Media Informasi Uda Gitu Aja

November 27, 2022

idwarta.com – “Harusnya presidential threshold itu dihapuskan atau disejajarkan dengan parliamentery threshold sehingga setiap partai politik eligible,” kata Fadli dalam sebuah diskusi bertajuk ‘Dilema Pilpres 2024: Presidential Threshold dan Syarat Minimal Usia Capres-Cawapres’, Sabtu (1/10/2022).

Ia mengatakan, nantinya partai-partai masih tetap bisa bergabung. Menurutnya, presidential threshold disamakan dengan parliamentary threshold tidak akan terlalu membebani partai, sebab partai belum tentu juga punya calon untuk diusung.

Sementara itu terkait dengan batas usia minimal figur menjadi capres, menurutnya, semua negara mengatur hal tersebut.

Ia mencontohkan apa yang terjadi di Amerika Serikat dimana batas usia minimal jadi capres mulai 35 tahun.

Fadli kemudian menyarankan agar setidaknya Indonesia juga mengikuti Amerika Serikat dimana batas usia minimal jadi capres 35 tahun.

“Jadi menurut saya sih kalau kita mau turunkan paling tidak sama dengan amerika 35 tahun itu batas yang wajar,” tuturnya.

Ia kemudian berbicara soal prinsip umur dimana orang yang berusia namun dianggap masuk kategori muda. Untuk itu, ia mengatakan, batas usia minimal 35 tahun perlu diberikan ruang.

“Apakah ini suatu hal yang sangat penting saya berpendapat harus memberikan ruang yang lebih besar misalnya 35 tahun yang paling penting presidential threshold-nya lebih luas lagi sehingga banyak kandidat.”

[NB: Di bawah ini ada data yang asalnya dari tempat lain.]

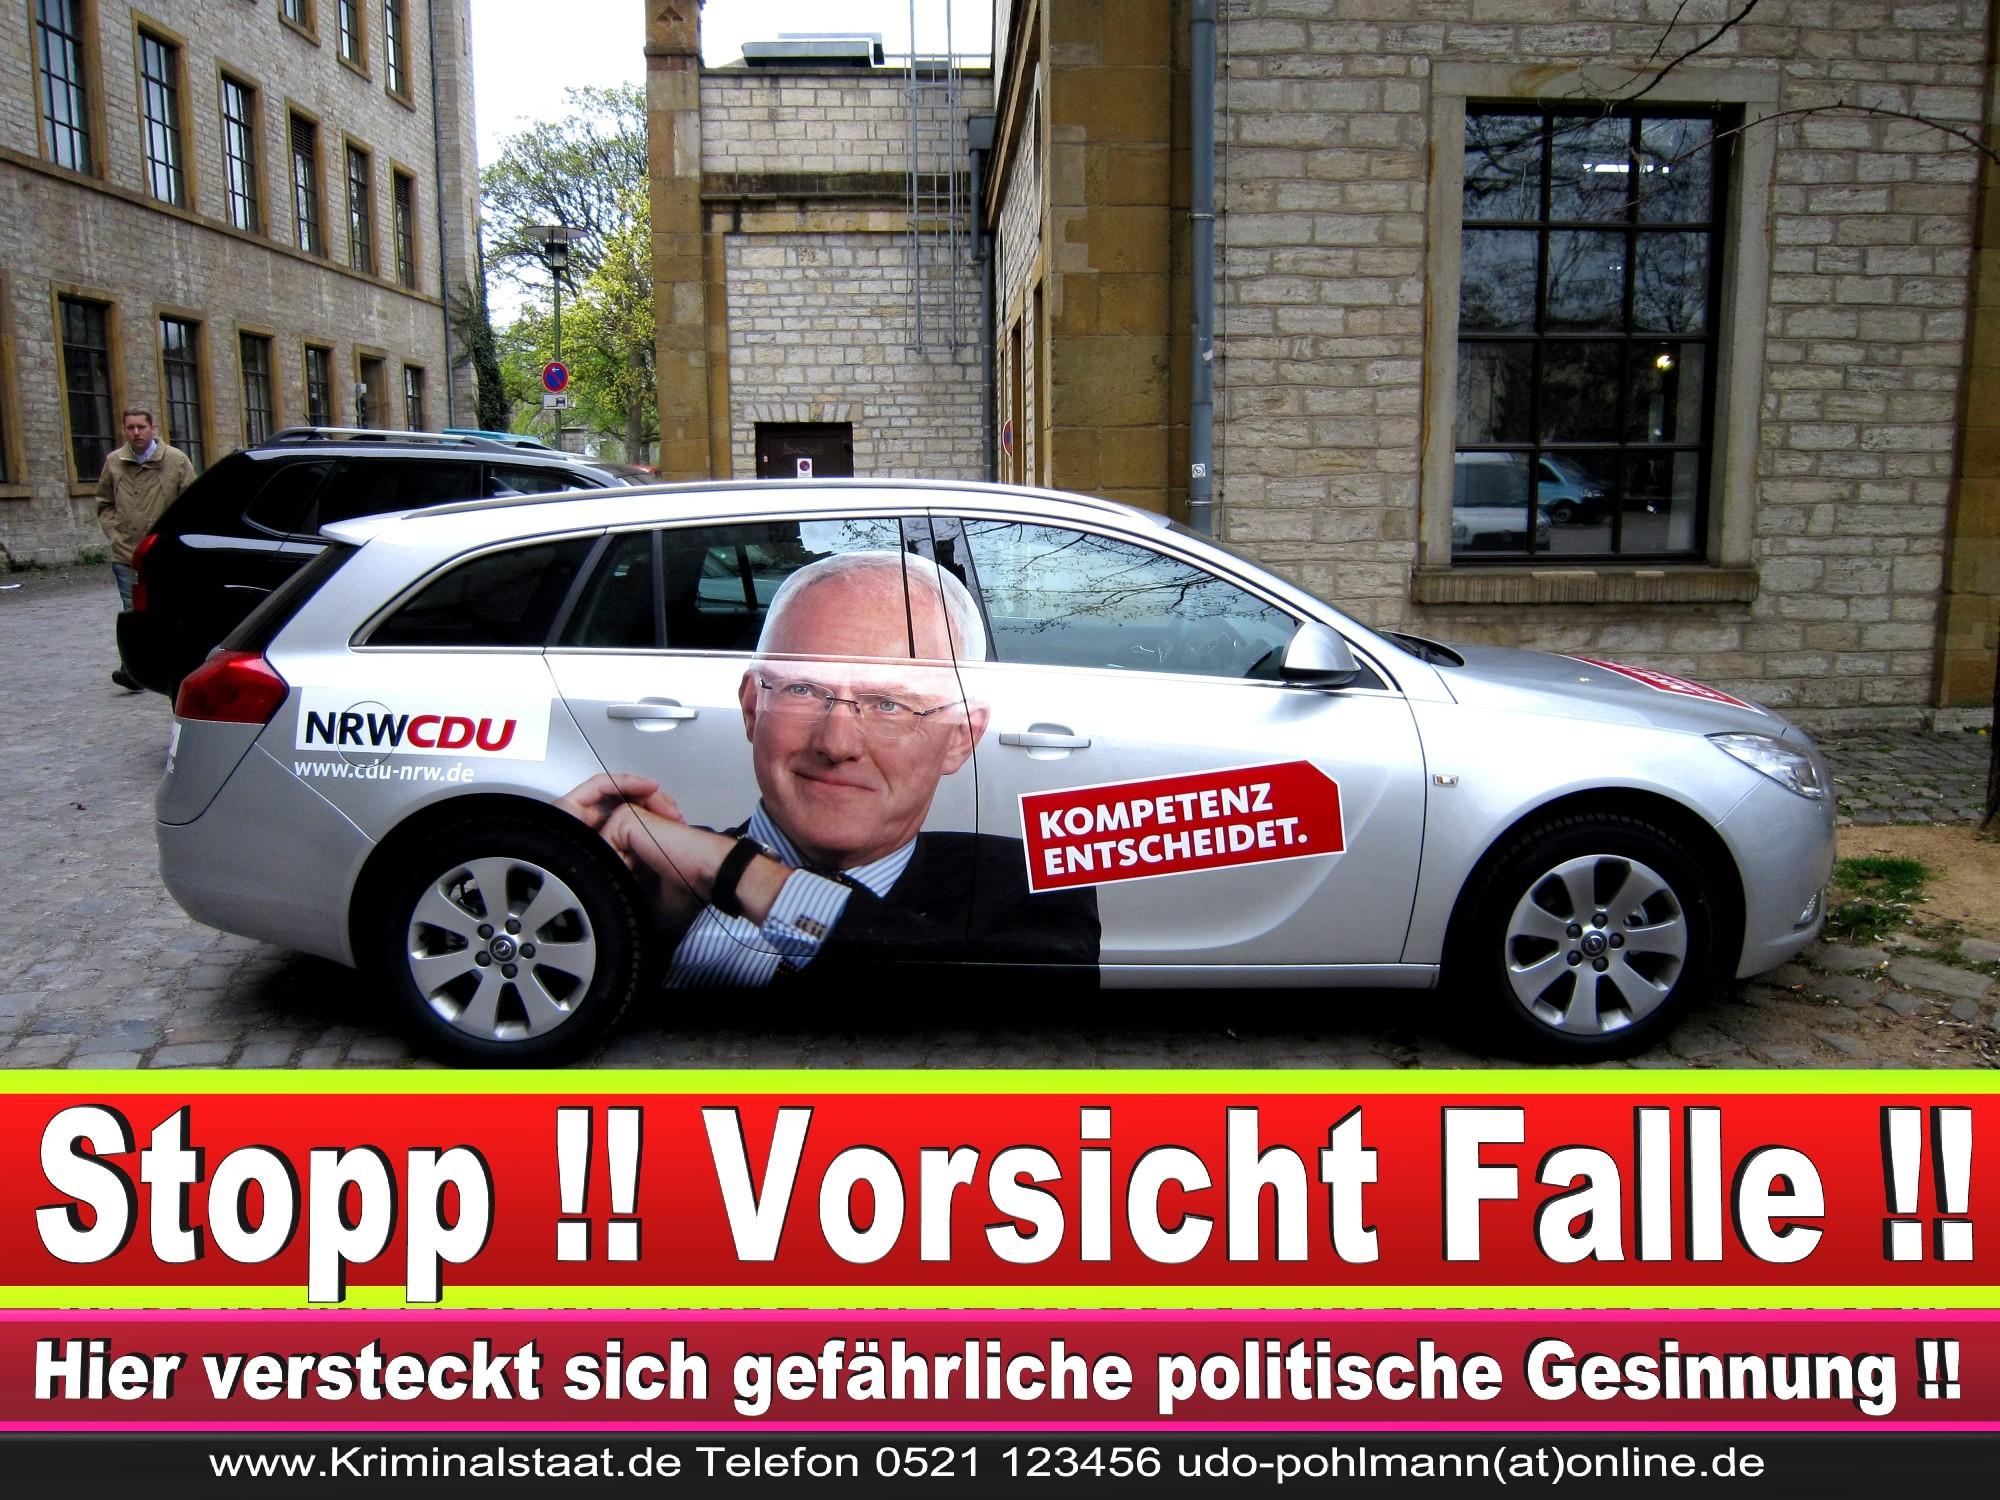 Wahlwerbung Wahlplakate Landtagswahl 2019 Europawahl CDU SPD FDP 2021 (8)
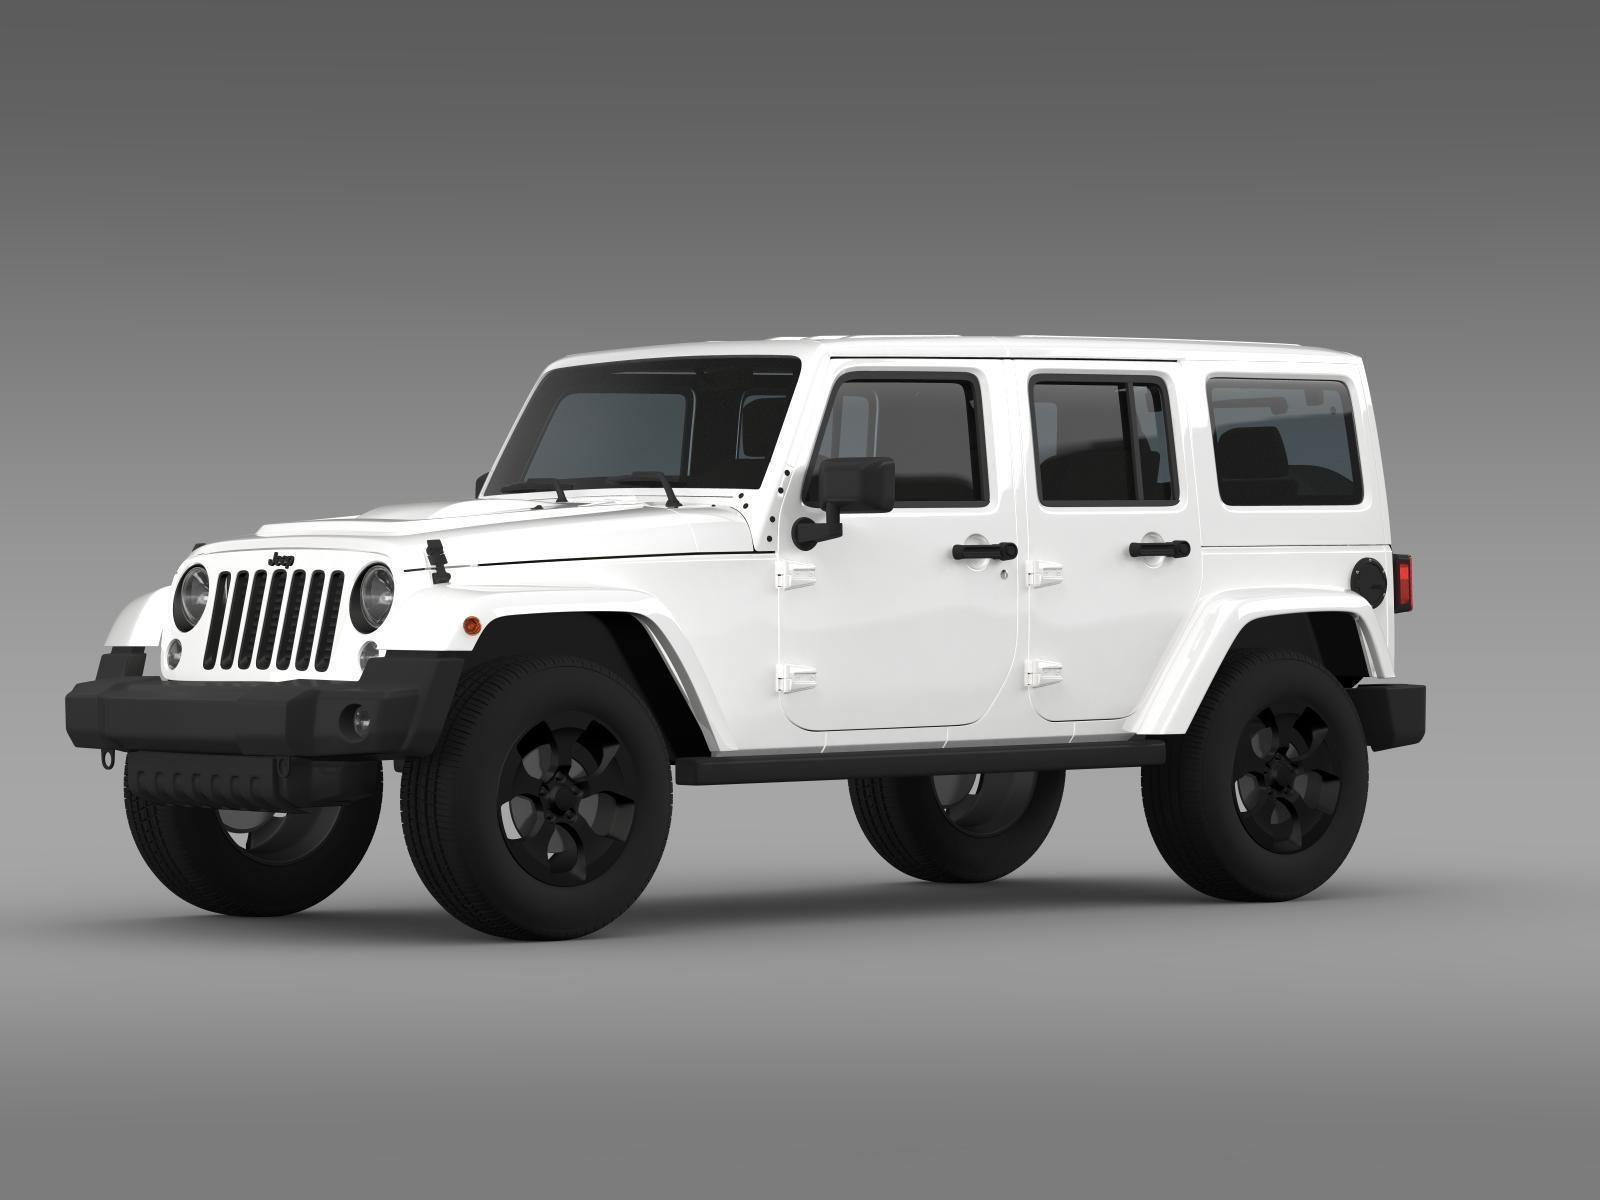 jeep wrangler 2015 white. jeep wrangler black edition 2 2015 3d model max obj 3ds fbx c4d lwo lw lws white m

Untuk diketahui, dalam Pasal 169 huruf q UU Nomor 7 tahun 2017 tentang Pemilu disebutkan, usia minimal untuk seseorang bisa menjadi capres dan cawapres adalah 40 tahun.

”Artikel ini bersumber sekaligus hak milik dari website suara.com. Situs https://idwarta.com adalah media online yang mengumpulkan informasi dari berbagai sumber terpercaya dan menyajikannya dalam satu portal berita online (website aggregator berita). Seluruh informasi yang ditampilkan adalah tanggung jawab penulis (sumber), situs https://idwarta.com tidak mengubah sedikitpun informasi dari sumber.”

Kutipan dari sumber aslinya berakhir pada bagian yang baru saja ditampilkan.